The advantage of describing information in an ontology is that it enables to acquire domain knowledge by defining hierarchical structures of classes, adding individuals, setting object properties and datatype properties, and assigning restrictions.

==FAO ontology==
The geopolitical ontology provides names in seven languages (Arabic, Chinese, French, English, Spanish, Russian and Italian) and identifiers in various international coding systems (ISO2, ISO3, AGROVOC, FAOSTAT, FAOTERM, GAUL, UN, UNDP and DBPediaID codes) for territories and groups. Moreover, the FAO geopolitical ontology tracks historical changes from 1985 up until today; provides geolocation (geographical coordinates); implements relationships among countries and countries, or countries and groups, including properties such as has border with, is predecessor of, is successor of, is administered by, has members, and is in group; and disseminates country statistics including country area, land area, agricultural area, GDP or population.
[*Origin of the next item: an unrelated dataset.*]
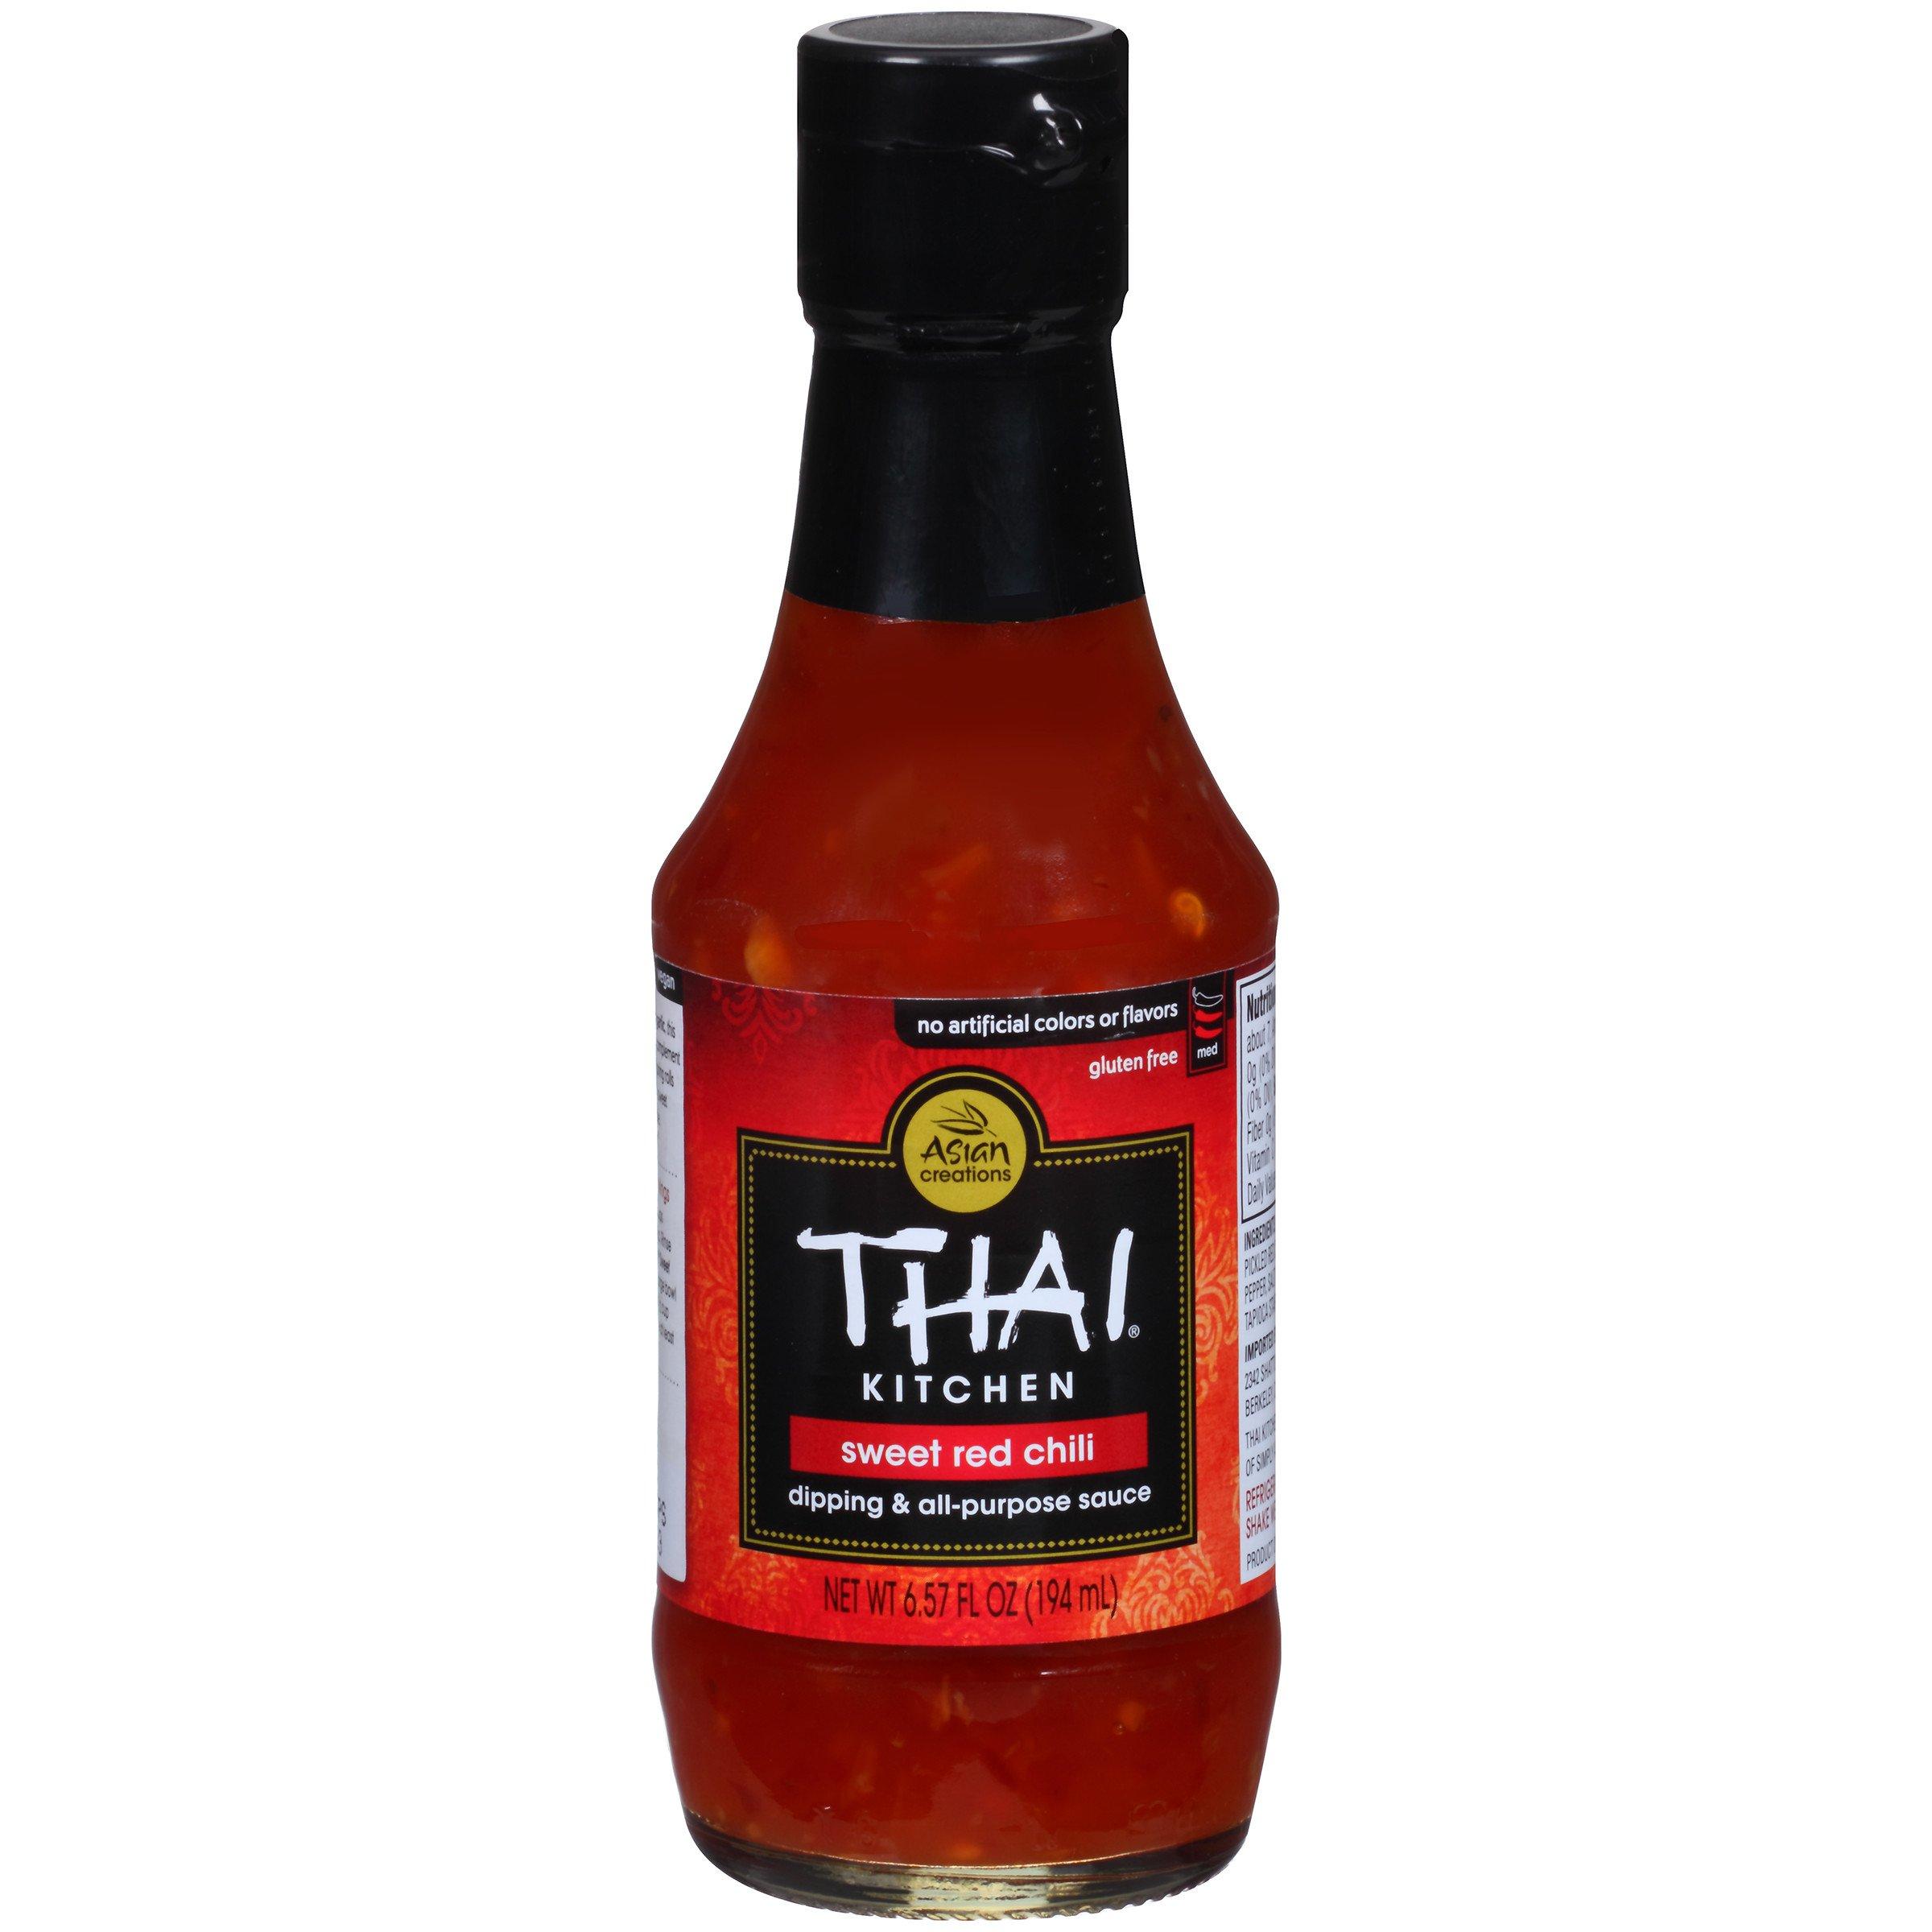 Amazon.com : Thai Kitchen Thai Chili & Ginger Dipping Sauce, 6.73 oz ...

The FAO geopolitical ontology provides a structured description of data sources. This includes: source name, source identifier, source creator and source's update date. Concepts are described using the Dublin Core vocabulary

In summary, the main objectives of the FAO geopolitical ontology are:

- To provide the most updated geopolitical information (names, codes, relationships, statistics)
- To track historical changes in geopolitical information
- To improve information management and facilitate standardized data sharing of geopolitical information
- To demonstrate the benefits of the geopolitical ontology to improve interoperability of corporate information systems

It is possible to download the FAO geopolitical ontology in OWL and RDF formats. Documentation is available in the FAO Country Profiles Geopolitical information web page.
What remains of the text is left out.